Fred never seems to have a desk, a cubicle, an office or even, if we’re being honest, a home. He prefers to waft around the office. For no apparent reason. He’ll stop by others’ work spaces “just to chat”. No one knows what his actual job is or where he’s supposed to be. And he’ll eat the most cake on someone’s birthday.

3.     The-Real-Kevin-Spacey

This guy has no regard for other people’s personal space. He’ll spread his stuff out all over the office, refuse to work in a cubicle and spend most of the workday hanging over the ‘wall’ pestering poor Cathy. He’s likely to wrap his arm around your shoulders while you walk and he’ll stand so close to you that you’ll be able to figure out how to make his signature beef dish. Without a recipe.
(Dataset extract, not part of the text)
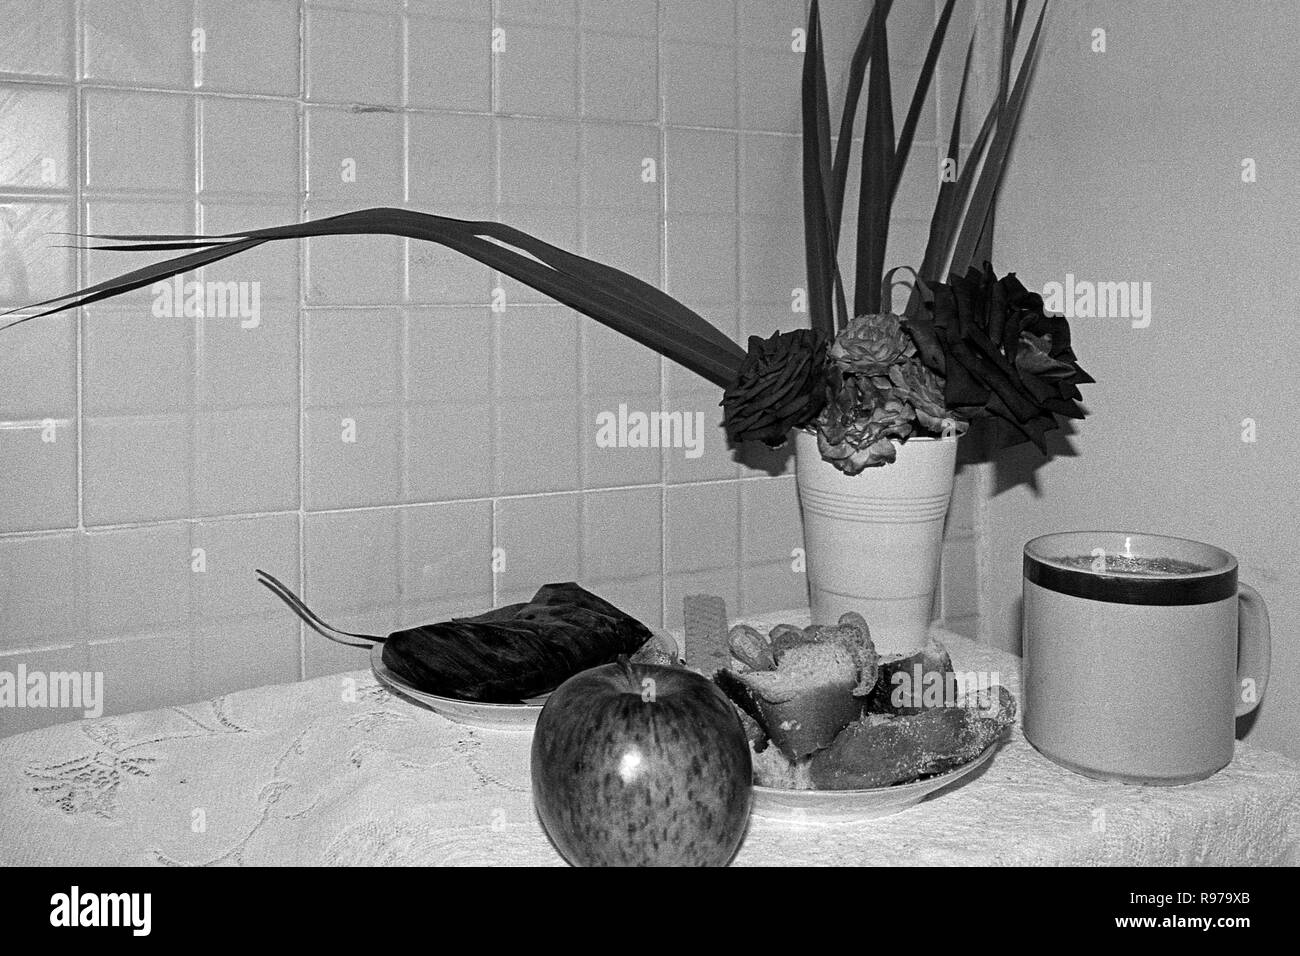 Tag der Toten wahr: Blumen, Kaffee, süßes Brot, einem Apfel und einem tamal in Bananenblätter gewickelt Stockfoto

4.     Step-Into-My-Office-Stan

Stan is that guy. The one who thinks he’s the boss, but isn’t. Who thinks he’s important, but isn’t. He was given a private office when the company confused the maintenance requests. And now he won’t leave. At least, not without being fired first.

Do these people sound familiar? We’ve all worked with one of them before, and they’re enough to make working at your dining room table feel like a corner office with a view, jacuzzi and Smeg bar fridge. So, before you start feeling lonely in your bunny slippers, remember Fred and how you got pest control in to remove him.